Monday 25 May 2009

Day Job

So tomorrow I return to getting paid to do something other than write. About twenty months ago I ignored the one piece of writing advice all the professionals seem to agree on and quit my day job.

The plan was that I would write a novel and get it published and that nearly two years would be more than enough time to do that. I still haven't finished the novel. I've abandoned two and am now working on the third. I have high hopes for this one.

It has been an amazing time. I am so much a better writer for it. When I left my day job I had a first draft of a novel I'd written during NaNoWriMo. I thought I would rewrite it and turn into something good. I spent weeks reading through it, marking it with a red pen, until I realised two things:
1. I didn't know what the hell I was doing when it came to rewriting.
2. There was something fundamentally wrong with the story but I didn't know what that was.

I decided to focus for a while on short stories to learn about rewriting in small chunks. That went well. I had a story in my head that needed to be told and Pantechnicon liked it enough to publish it - Innocent. I had a go at writing articles and found I didn't like it so much and for a couple of months got paid for blogging.
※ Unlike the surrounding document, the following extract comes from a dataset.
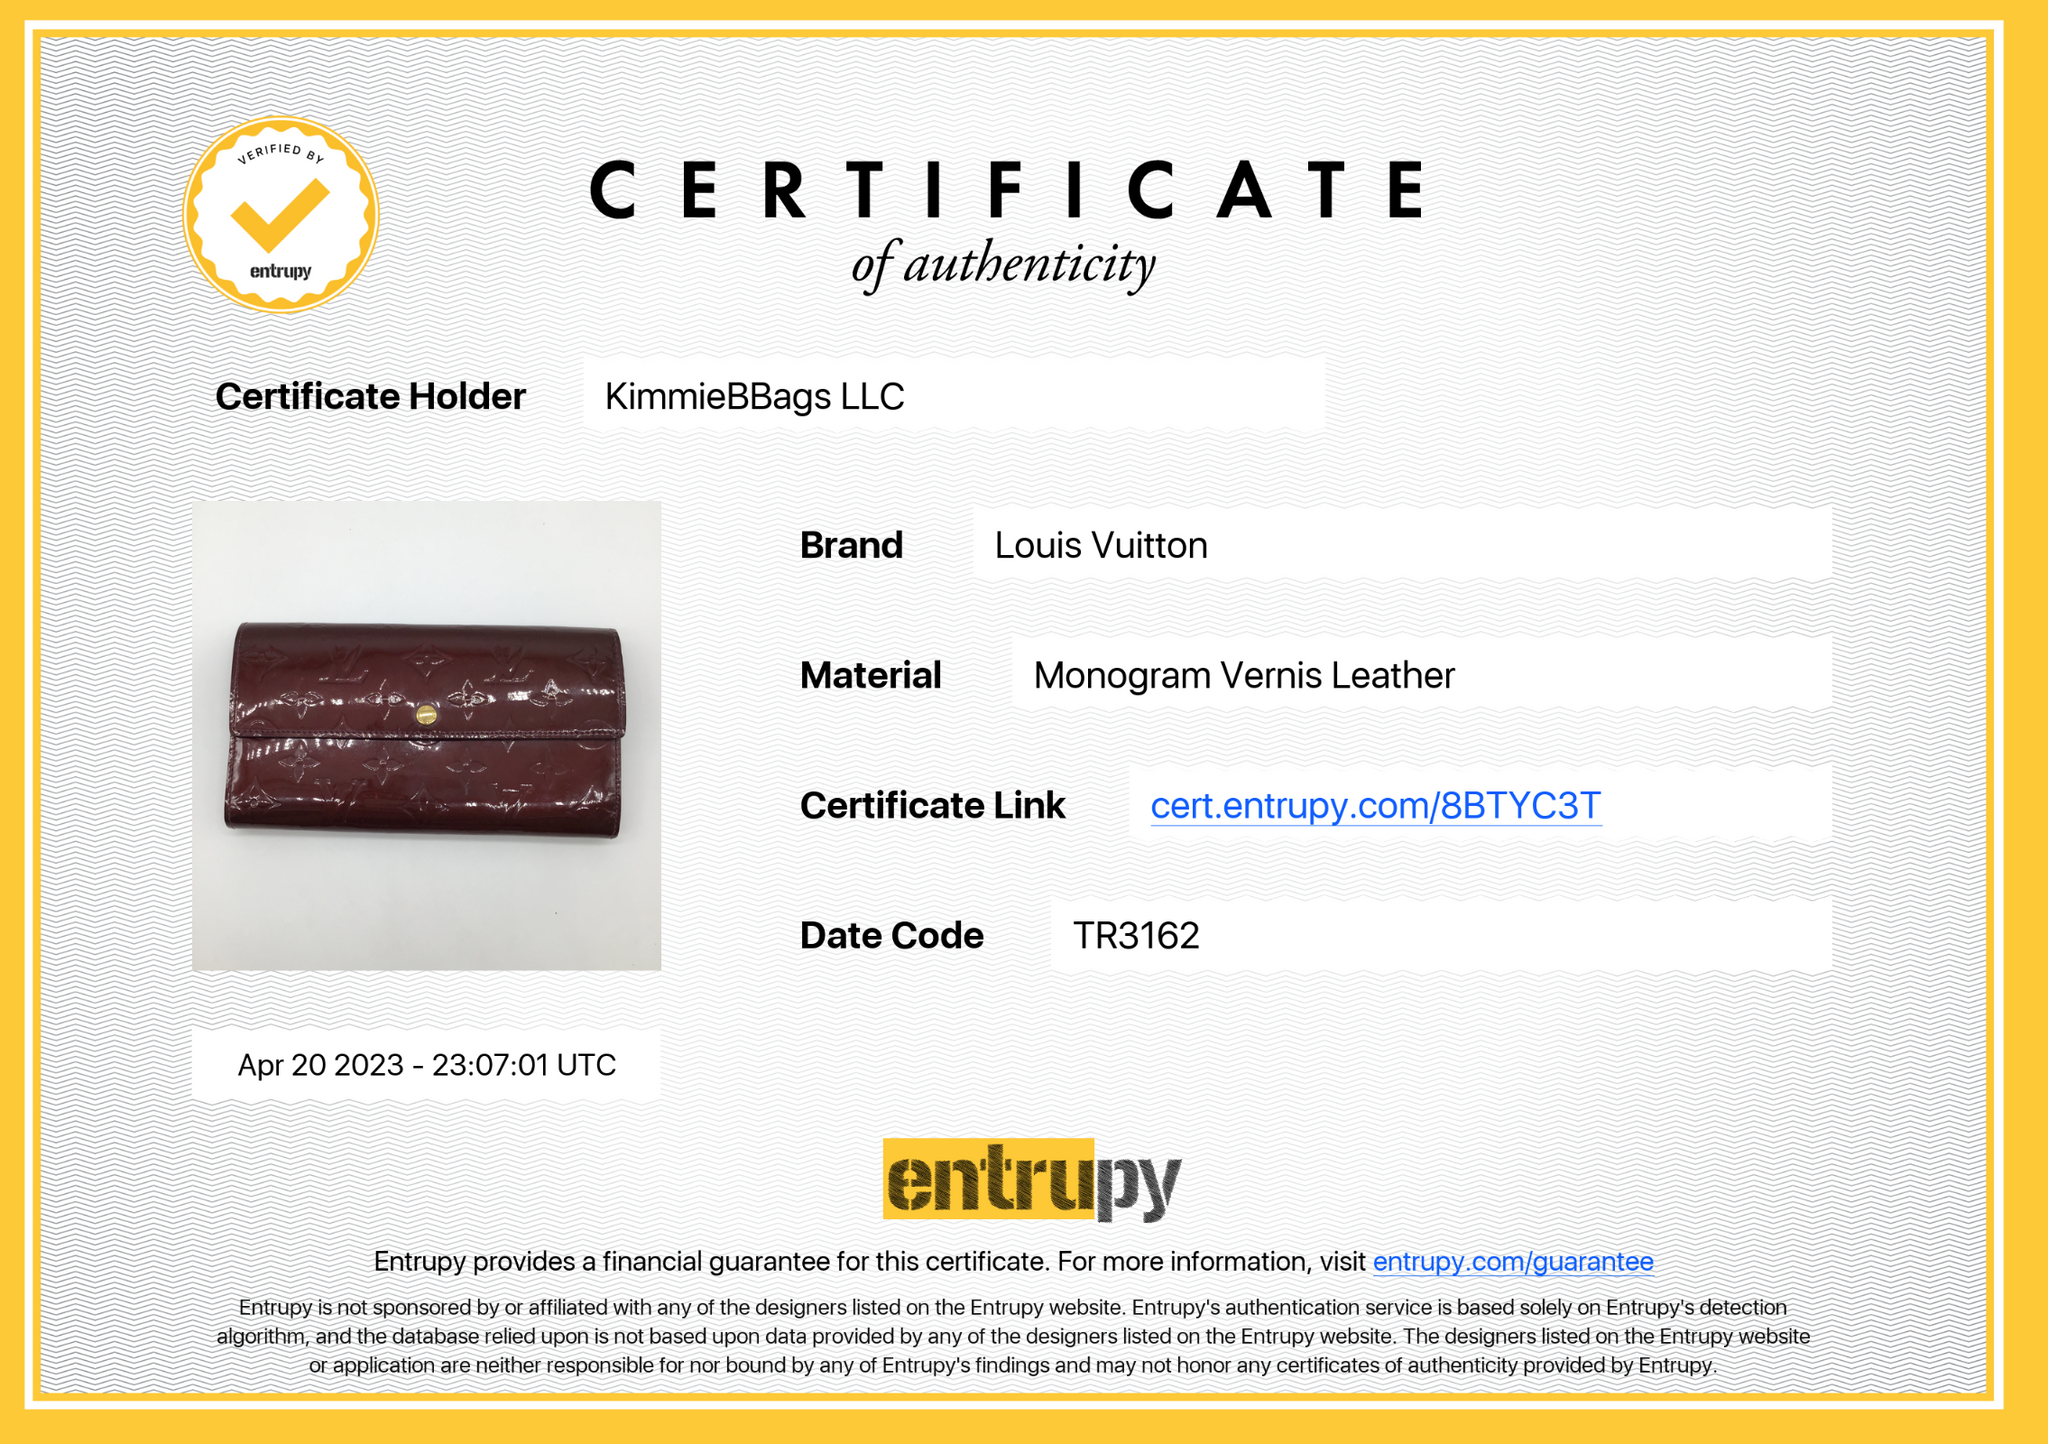 Louis Vuitton Monogram Sarah Gm Long Trim Wallet LV-1202P-0013 – MISLUX
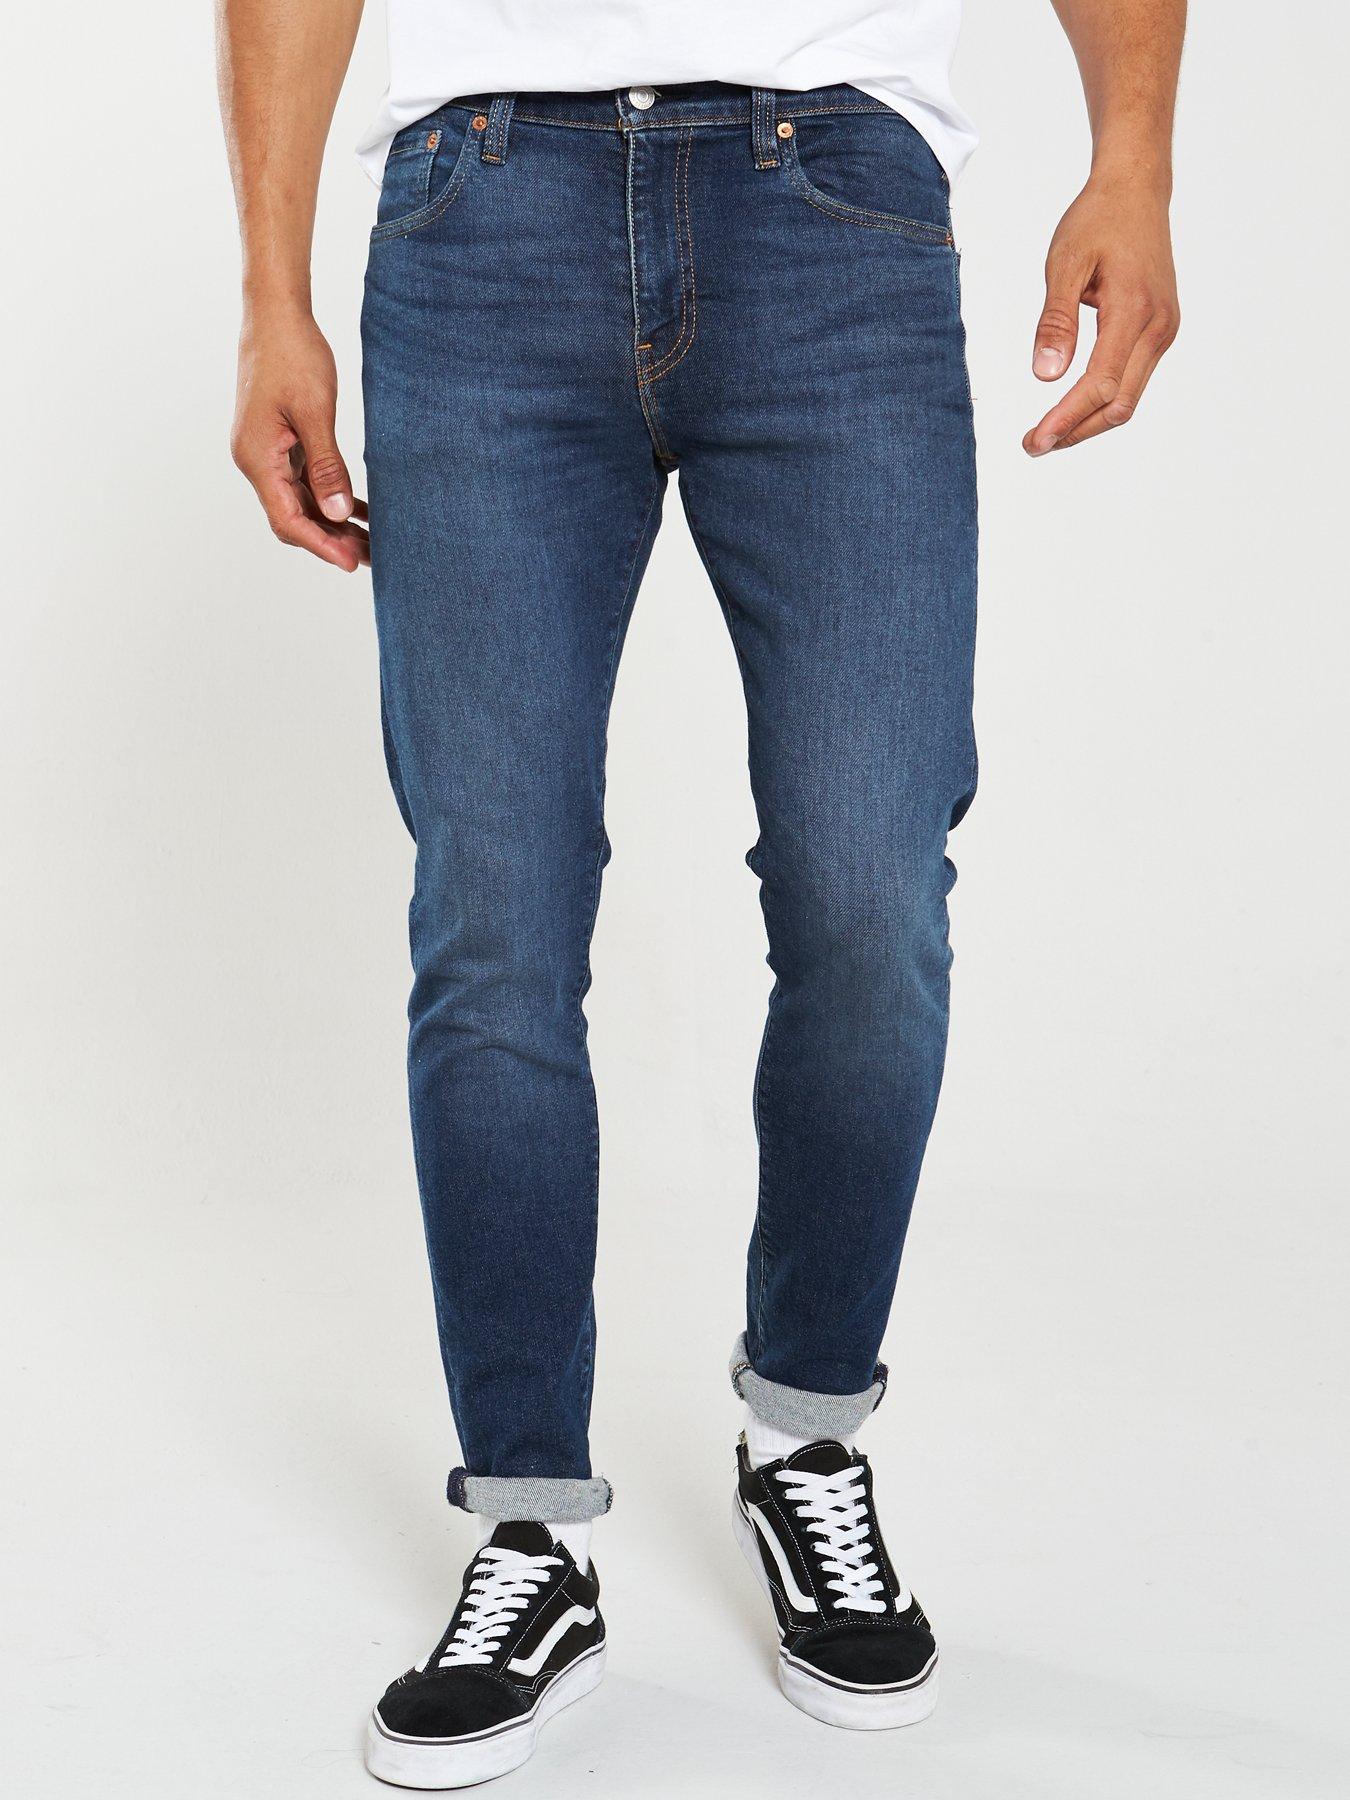 levis 512 mens jeans

Then I started on a second novel, working from an idea I'd had years ago. This time I had piles of character sheets, timelines, outlines, research and even a map. It was loosely based on a real period of European history and so I was able to get lost in the research. The writing wasn't coming easily at all. And in the back of my head I wondered if there was the same fundamental flaw in this story as there had been in the previous one.

Last summer I took a part time job and switched to working on another short story. The second novel wasn't going anywhere and I'd reached the point where I needed some success. I returned to the strategy that had worked before. This story never seemed to be done; it just grew and grew. The part time job ended in September and for three months I worked flat out on what was now my third attempt at a novel.

Then something unexpected happened. I stumbled across a feminist critique of one of my favourite TV shows and it shook the way I'd been thinking about things. After a few weeks of re-educating myself on matters of prejudice and privilege I realised what had been wrong with my previous two novels. They portrayed relationships and characters that entirely reinforced the status quo and I had been under such a false consciousness that I'd failed to see it. It was also true of the third novel but in this case was fixable. This novel will get finished and I will be happy with the result, but I may sweat blood doing it.

Of course, I have also read and critiqued and studied writing. I've learnt what my process is and I've learned to view my own work more objectively. The last few months have been mostly dedicated to job hunting and now I'm returning to work. I'm happy about that - I like to pay the mortgage and have nice things - and I'm looking forward to it. But I would absolutely quit my day job all over again. Just as soon as I find a big pile of money.